Proof of Theorem tgval2

Step	Hyp	Ref	Expression
1		tgval 22458	. 2 ⊢ (𝐵 ∈ 𝑉 → (topGen‘𝐵) = {𝑥 ∣ 𝑥 ⊆ ∪ (𝐵 ∩ 𝒫 𝑥)})

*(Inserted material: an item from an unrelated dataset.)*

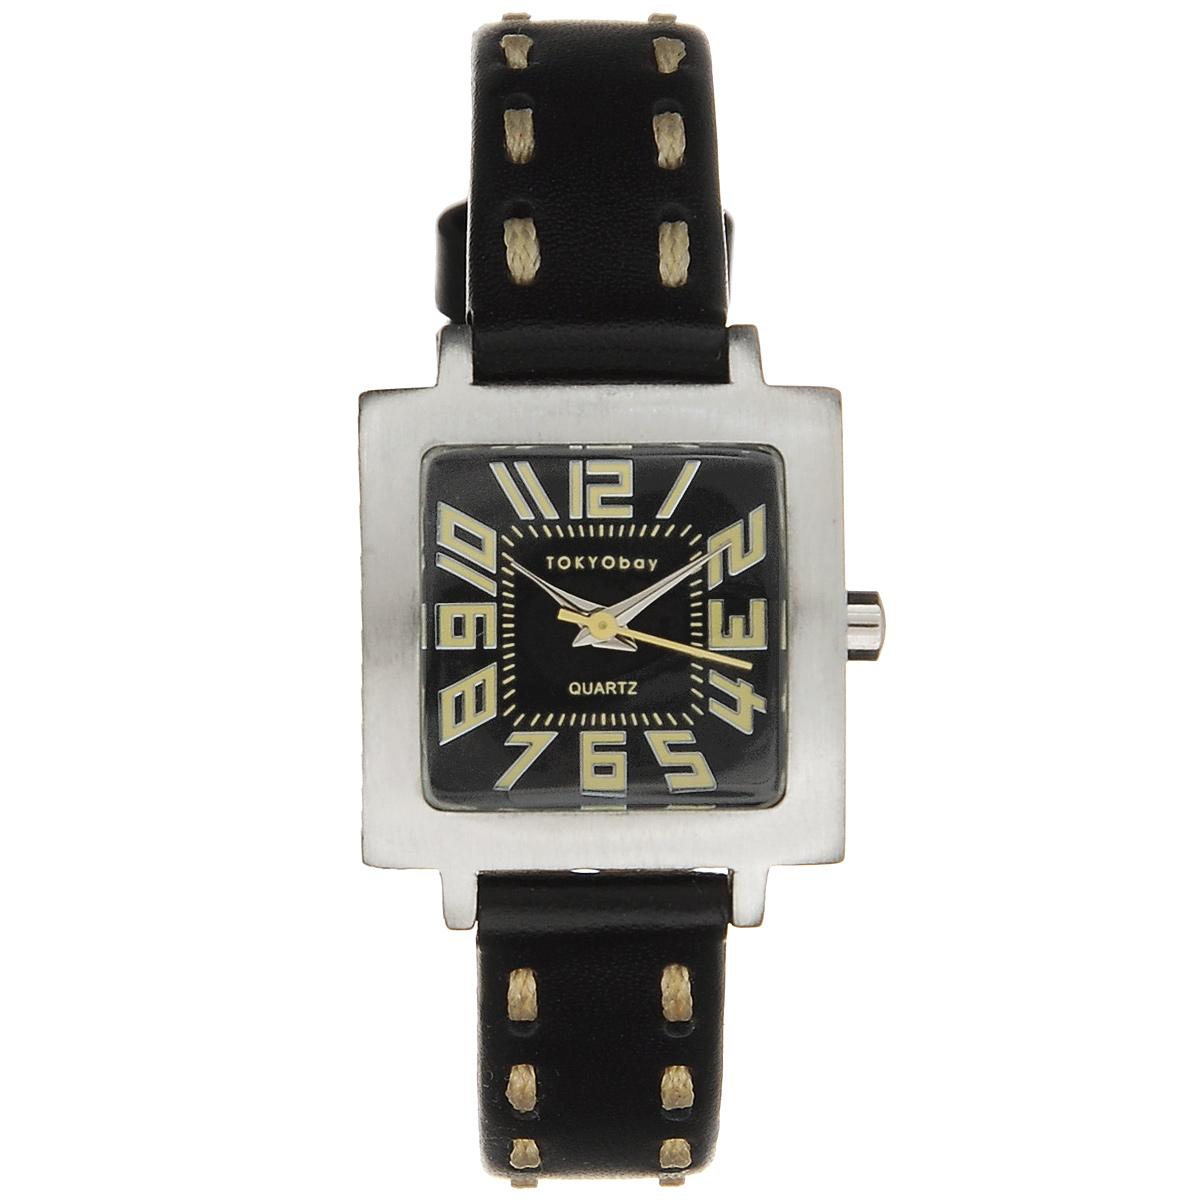 Часы женские наручные Tokyobay Tramette, цвет: черный. T205-BKT205-BKЧасы оснащены японским кварцевым механизмом Miyota. Корпус выполнен из сплава металлов, не содержащего никель. Задняя крышка изготовлена из нержавеющей стали. Циферблат оформлен крупными арабскими цифрами, имеет три стрелки - часовую, минутную и секундную. Циферблат защищен ударопрочным оптическим пластиком. Ремешок выполнен из натуральной кожи и текстиля, застегивается на классическую застежку-пряжку. Часы Tokyobay - это практичный и модный аксессуар, который подчеркнет ваш безупречный вкус. Характеристики: Корпус: 2,2 х 2,2 х 0,8 см. Размер ремешка: 18 х 1,2 см. Не содержит никель. Не водостойкие.

2		inss1 4229	. . . . . . . . 9 ⊢ (𝐵 ∩ 𝒫 𝑥) ⊆ 𝐵
3	2	unissi 4918	. . . . . . . 8 ⊢ ∪ (𝐵 ∩ 𝒫 𝑥) ⊆ ∪ 𝐵
4	3	sseli 3979	. . . . . . 7 ⊢ (𝑦 ∈ ∪ (𝐵 ∩ 𝒫 𝑥) → 𝑦 ∈ ∪ 𝐵)
5	4	pm4.71ri 562	. . . . . 6 ⊢ (𝑦 ∈ ∪ (𝐵 ∩ 𝒫 𝑥) ↔ (𝑦 ∈ ∪ 𝐵 ∧ 𝑦 ∈ ∪ (𝐵 ∩ 𝒫 𝑥)))
6	5	ralbii 3094	. . . . 5 ⊢ (∀𝑦 ∈ 𝑥 𝑦 ∈ ∪ (𝐵 ∩ 𝒫 𝑥) ↔ ∀𝑦 ∈ 𝑥 (𝑦 ∈ ∪ 𝐵 ∧ 𝑦 ∈ ∪ (𝐵 ∩ 𝒫 𝑥)))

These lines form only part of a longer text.